Would you bet on this lottery puzzle?

(a) I think it is easier to first determine the probability that no 2 of the 6 numbers

are consecutive and then subtract that from 1 to get the desired probability.

I've looked at this as a 'stars and bars' type of calculation. First, we write out

the numbers 1 to 49 and then circle 6 randomly chosen numbers. The variables

in the equation represent the number of unchosen numbers between each successive

pair of chosen numbers as well as 1 variable representing the number of unchosen

numbers preceding the lowest chosen number and 1 variable representing the number

of unchosen numbers after the largest chosen number. (That was a lousy

explanation but it is getting rather late here.) We then need to look separately

at the cases where (i) 1 is chosen but not 49, (ii) 49 is chosen but not 1,

(iii) both 1 and 49 are chosen and (iv) neither 1 nor 49 are chosen.

As an example, in case (iv) we then need to solve the equation

a + b + c + d + e + f + g = 43, where all the variables must be at least 1.

The number of solutions in this case ((36 + 7 - 1) C (7 - 1)) = (42 C 6).

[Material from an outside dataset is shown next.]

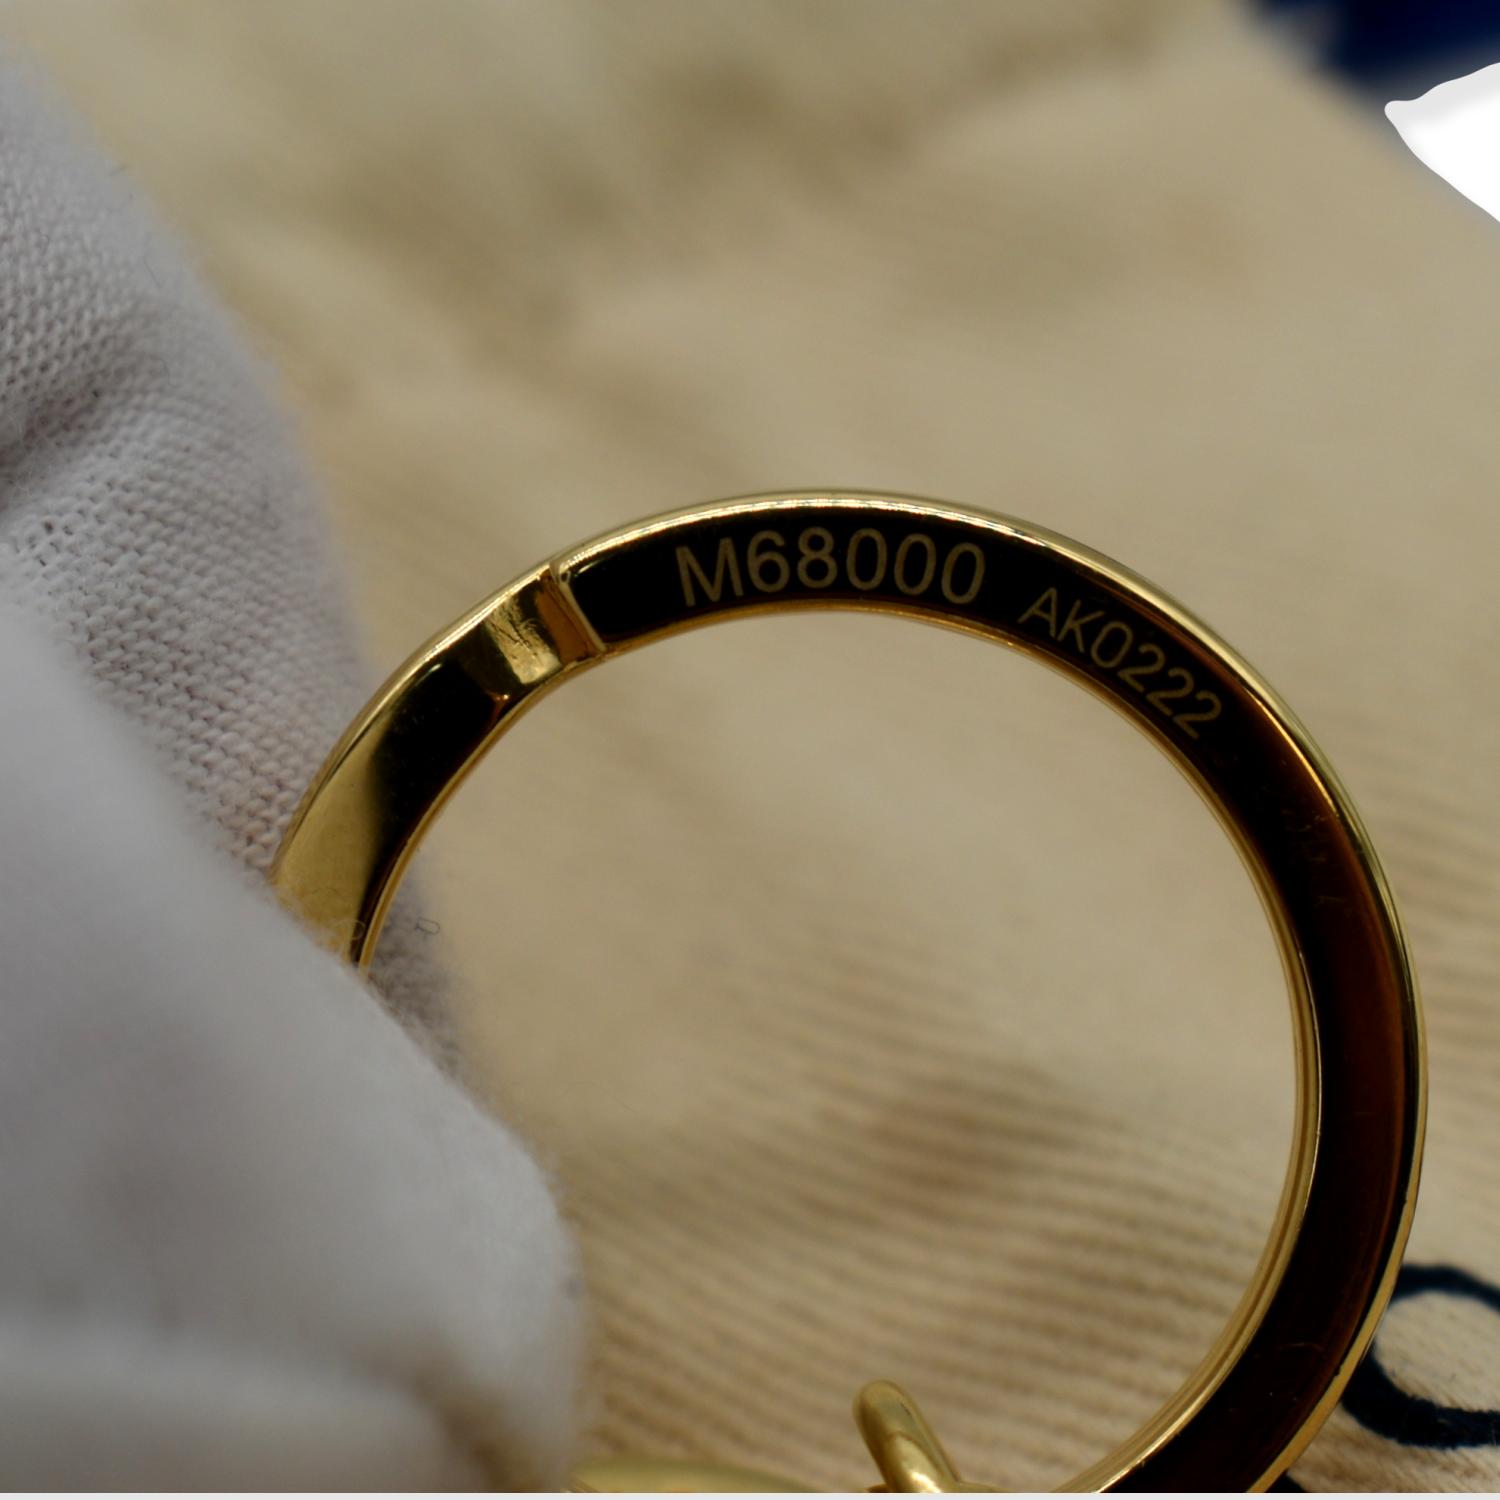 Louis Vuitton Gold Circle Bag Charm and Key Holder – The Closet

I end up with a probability of

1 - [((42 C 6) + (42 C 4) + 2*(42 C 5)) / (49 C 6)] = 0.4952 < 0.5, so I would

not take the bet.

(b) This would eliminate the (42 C 4) term and result in a probability of

0.5032 > 0.5, so I would take this bet.

(c) I would expect to lose about $9.60 in scenario (a) and win $6.40 in (b)

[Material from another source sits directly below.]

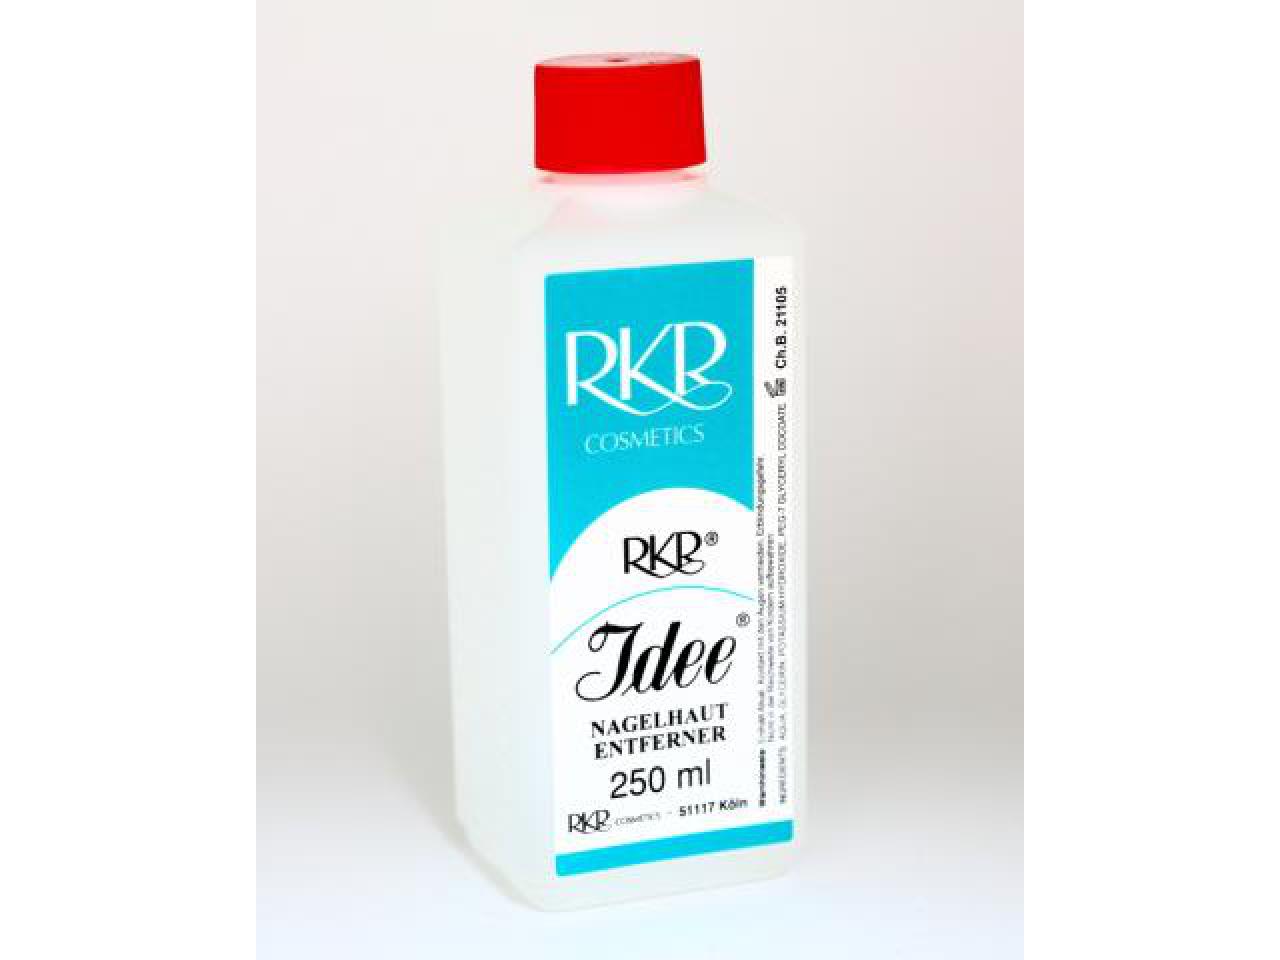 RKR Idee Nagelhautentferner - 250 ml

after wagering $1000, (at least that's how I think it works; I'm not really a

betting man. :) )

I'm tired so I may have screwed up somewhere. I'll check through my

calculations again tomorrow if you think I've made an error.

1

EDIT: Great fun! Brian and I came up with solutions simultaneously :o)

Clever question, I might leave the expected value part (part (c)) to others. Let b(n,k)=n!/[k!·(n-k)!] be the binomial coefficient corresponding to choose k non-ordered elements from a set of n elements:

Part (a)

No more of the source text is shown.